# V3 Design 012 - Full-size Canvas

## Thesis
This redesign keeps the useful part of the Figma metaphor without turning Playground into a busy design tool. The user works on one selected Playground frame at a time; the live WordPress iframe is the dominant object, surrounded by sparse browser chrome, a compact launcher surface, a contextual inspector, minimap/fit controls, and a first-class full-size site mode. The visual language is immersive and site-first: edge-docked translucent controls sit over a neutral canvas, but the running WordPress site remains the credible center.

## Remix, Merge, Remove
I remixed the original Figma-like layers/assets/inspector structure into a quieter selected-frame model. The Saved Playgrounds launcher becomes an edge sheet with all current start routes, full blueprint gallery search/filtering, and Your Playgrounds. Route tiles reveal the required input for WordPress PR, Gutenberg PR, GitHub, Blueprint URL, and ZIP import instead of being generic buttons. Site Manager features move into the right inspector tabs: Settings, Files, Blueprint, Database, and Logs. WP Admin, Homepage, Export to GitHub PR, and Download .zip remain visible in the inspector, with WP Admin/Homepage also available from the focused frame bar. The settings popover is retained as a quick peek, but destructive Apply & Reset always routes to the same confirmation dialog.

## Trade-offs
The canvas model adds spatial context and saved-frame affordances, but it can become distracting if every canvas tool is always visible. This version deliberately avoids broad tool palettes and uses only the minimap and zoom/fit controls as persistent canvas furniture. The launcher opens over the site because discovery matters, but full-size mode removes it and the inspector entirely while keeping Save, URL, WP Admin, Homepage, and exit controls reachable. On mobile, the inspector and launcher become bottom sheets; this preserves feature coverage but makes deep file/database work less comfortable than desktop.

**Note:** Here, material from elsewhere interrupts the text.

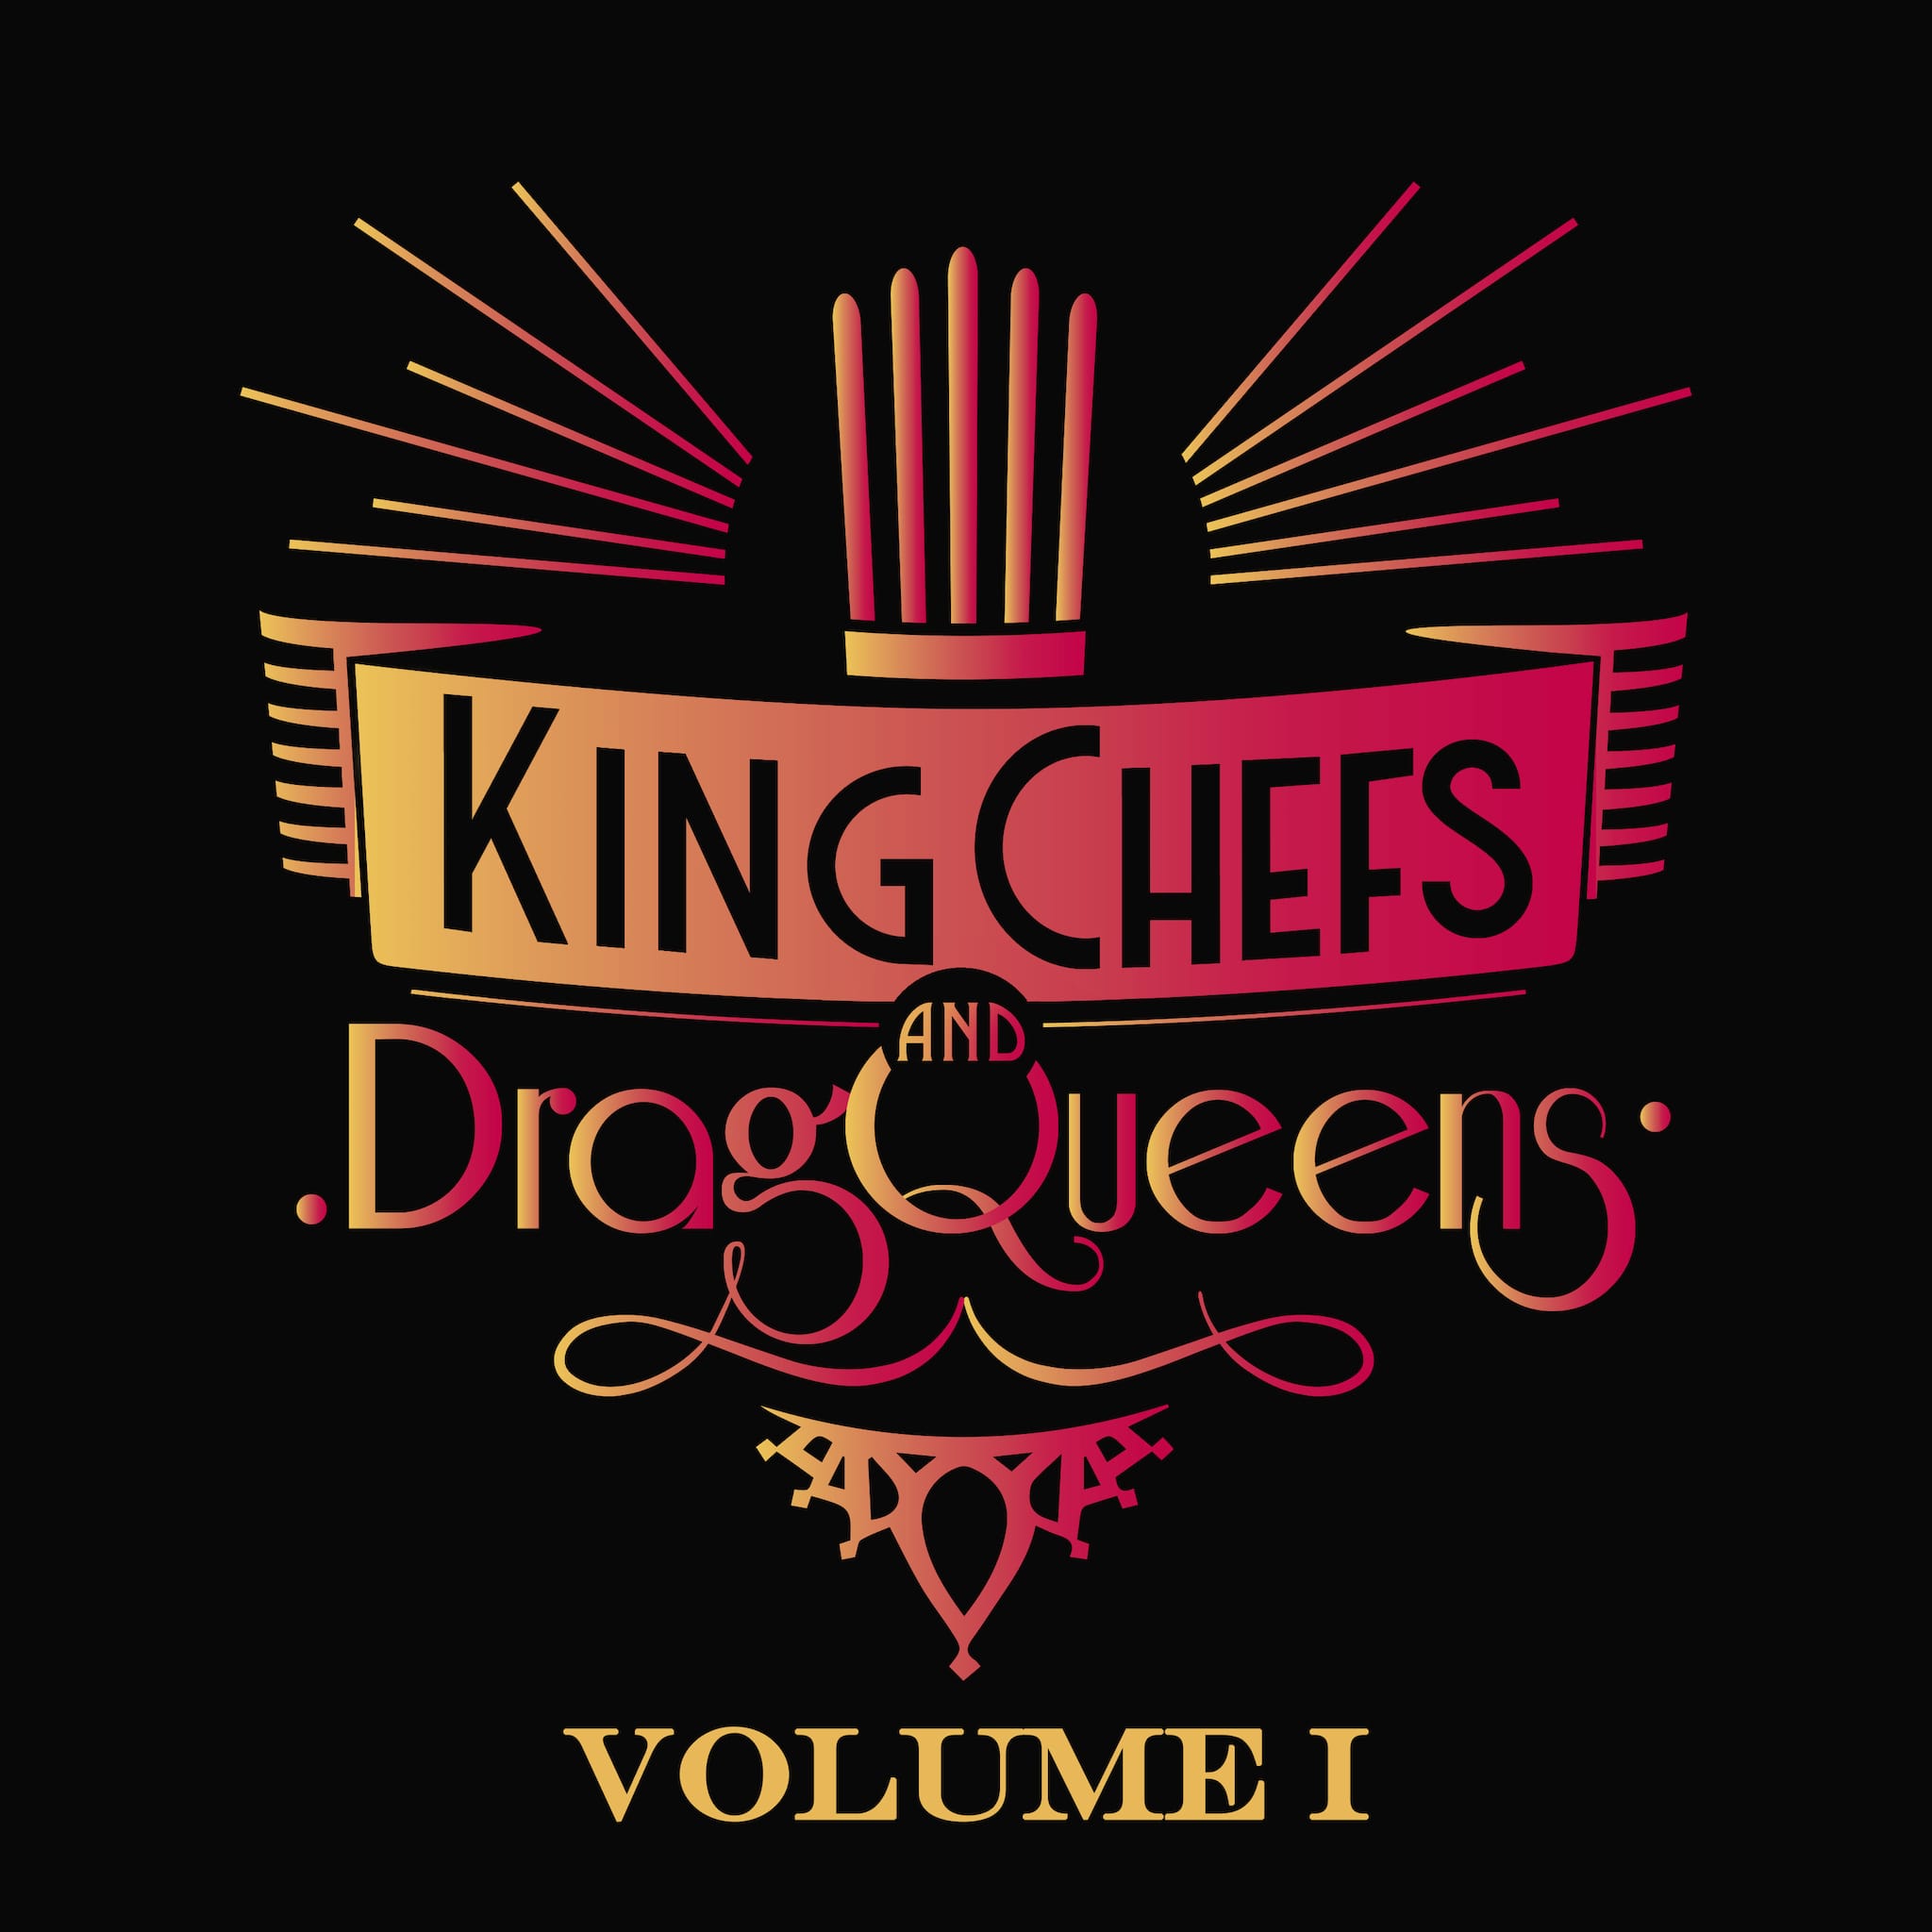 King Chefs & Drag Queens image cover pochette EP VOLUME I musique
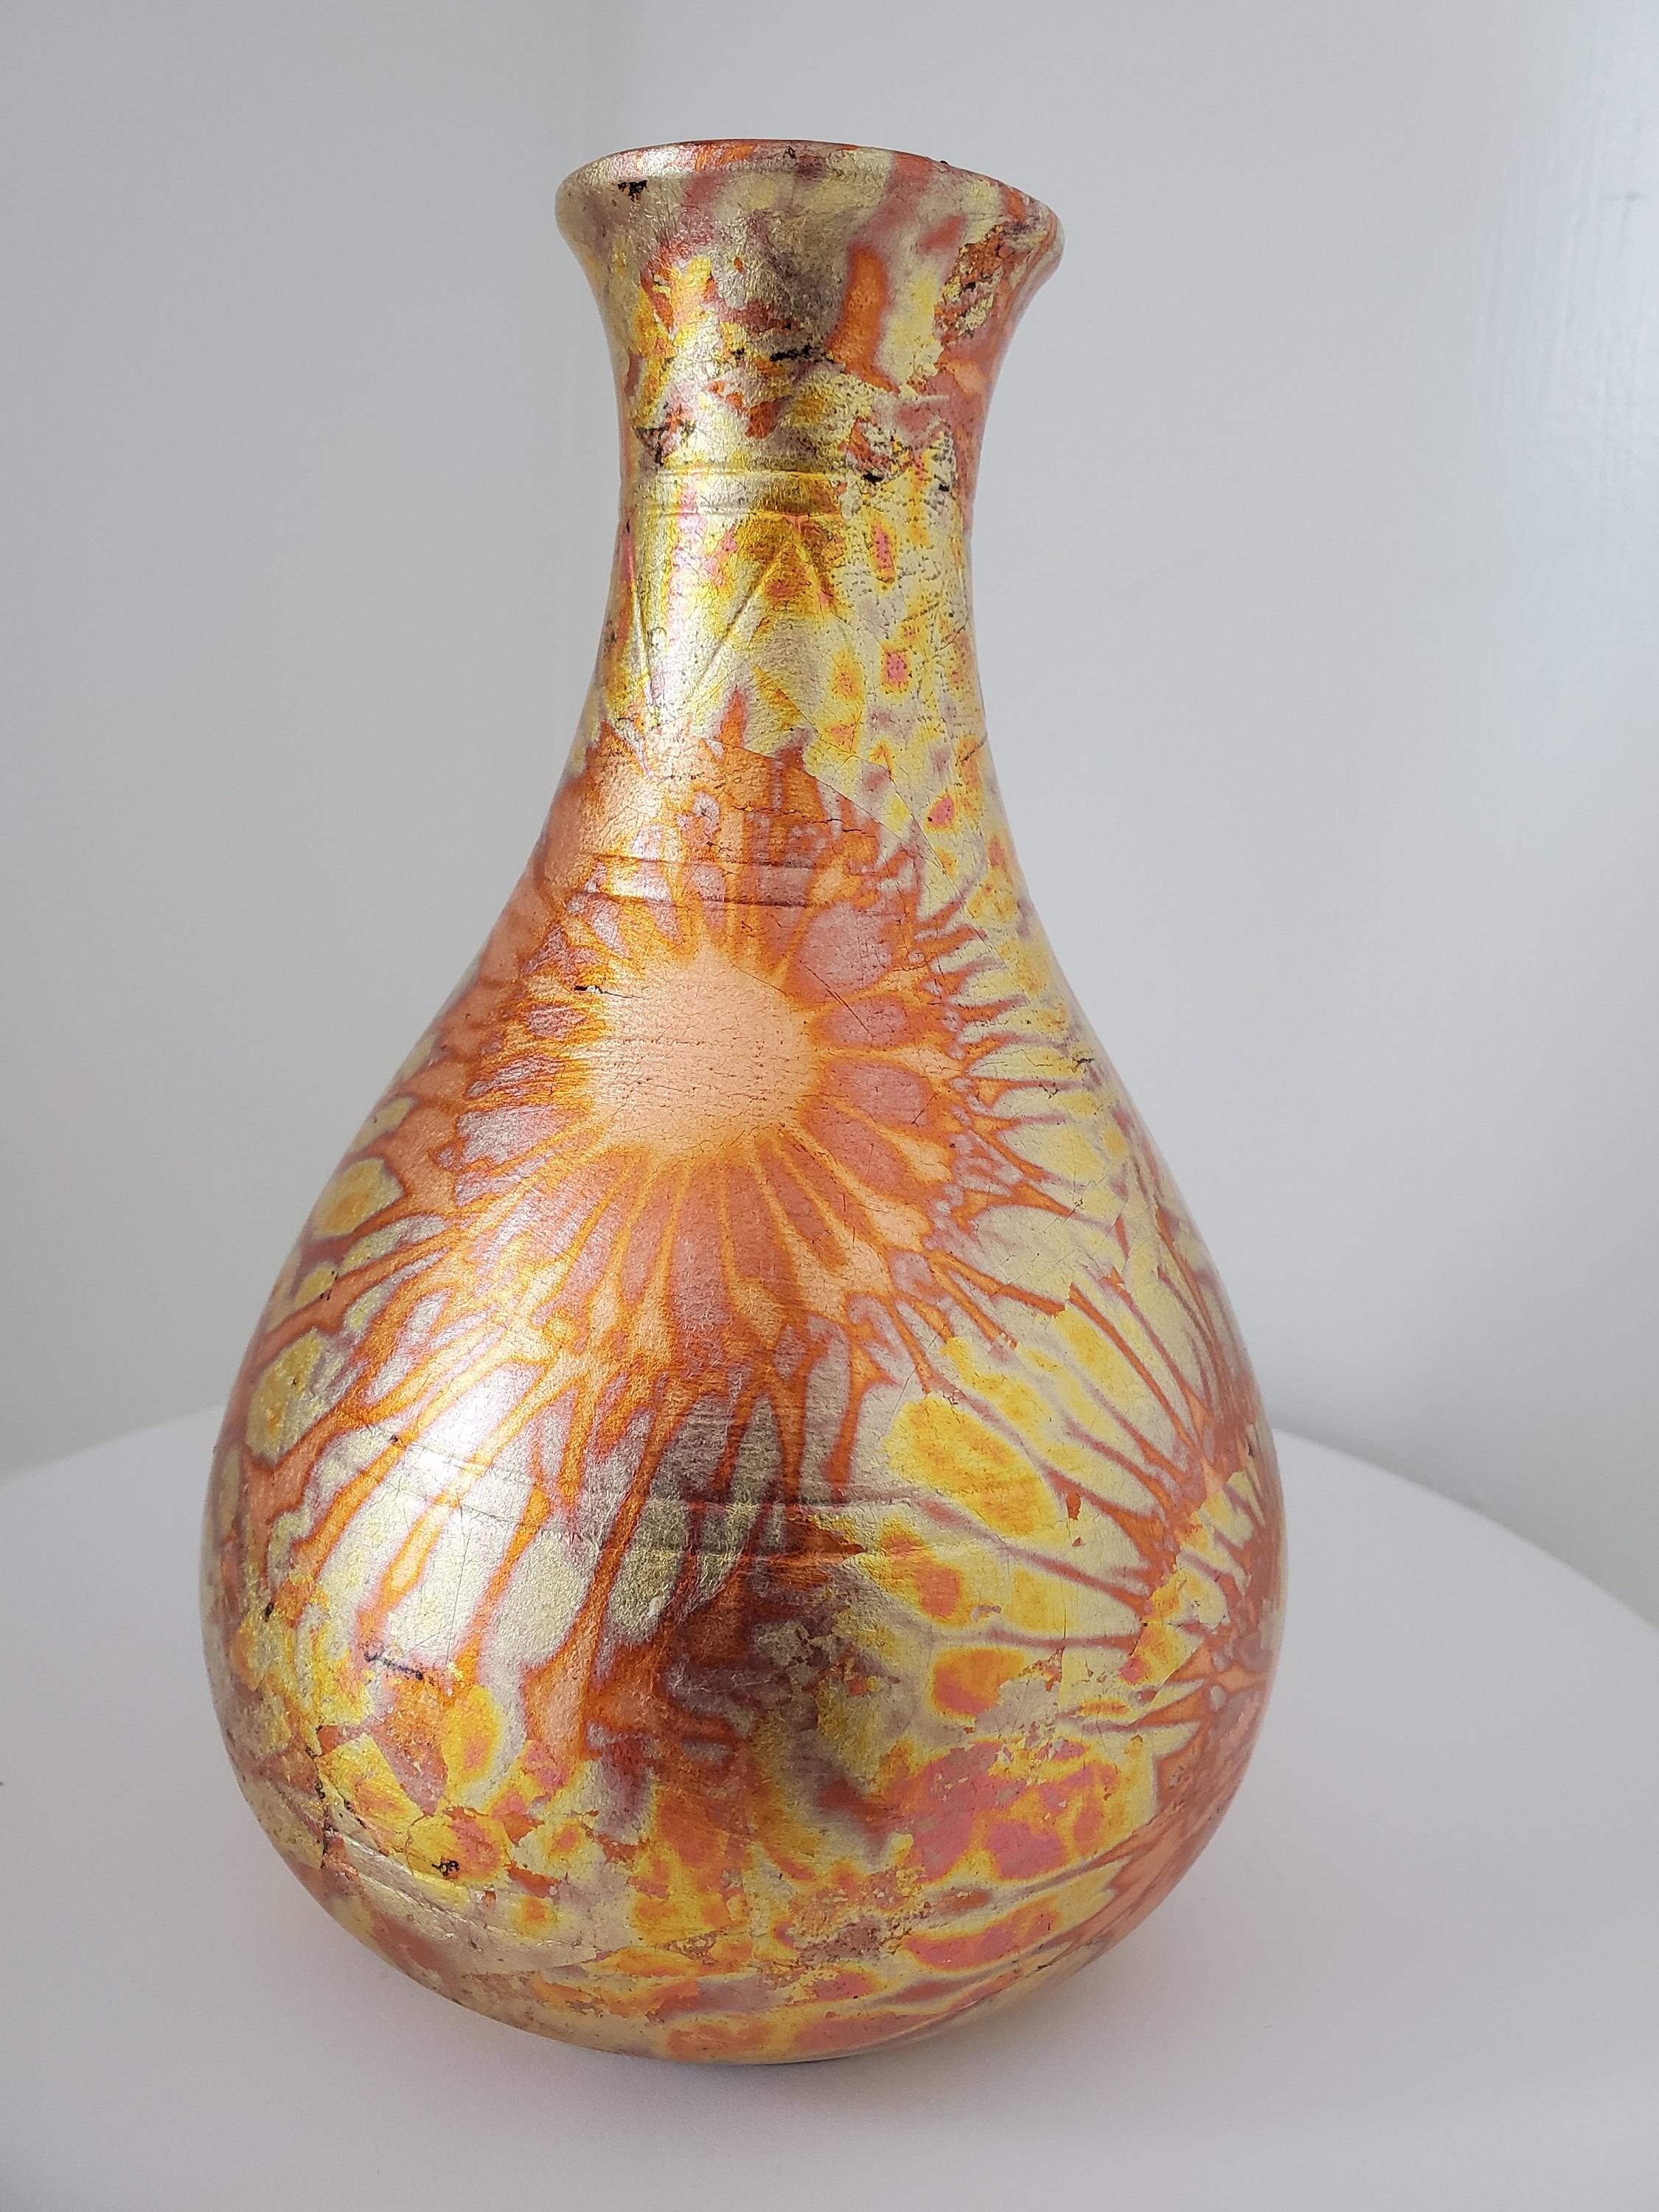 This raku pottery vase from NW Raku Gallery is a stunning addition to any traditional or modern décor, such as art deco, mid-century modern, or farmhouse style. This raku pottery vase was made by the Navajo People in the Northwest United States and

## Self-Critique And Revision Note
Against the V3 insights, the main risks were button clutter, generic start tiles, and trapping the iframe in a small card. I revised toward a single selected frame, route-specific input states, a large destructive confirmation with save-first escape, and an explicit Focus Site mode. One remaining weakness is that the quick settings popover still duplicates fields from the inspector because the current product requires that trigger; the mitigation is that both surfaces use the same destructive confirmation and the inspector is presented as the canonical editing home.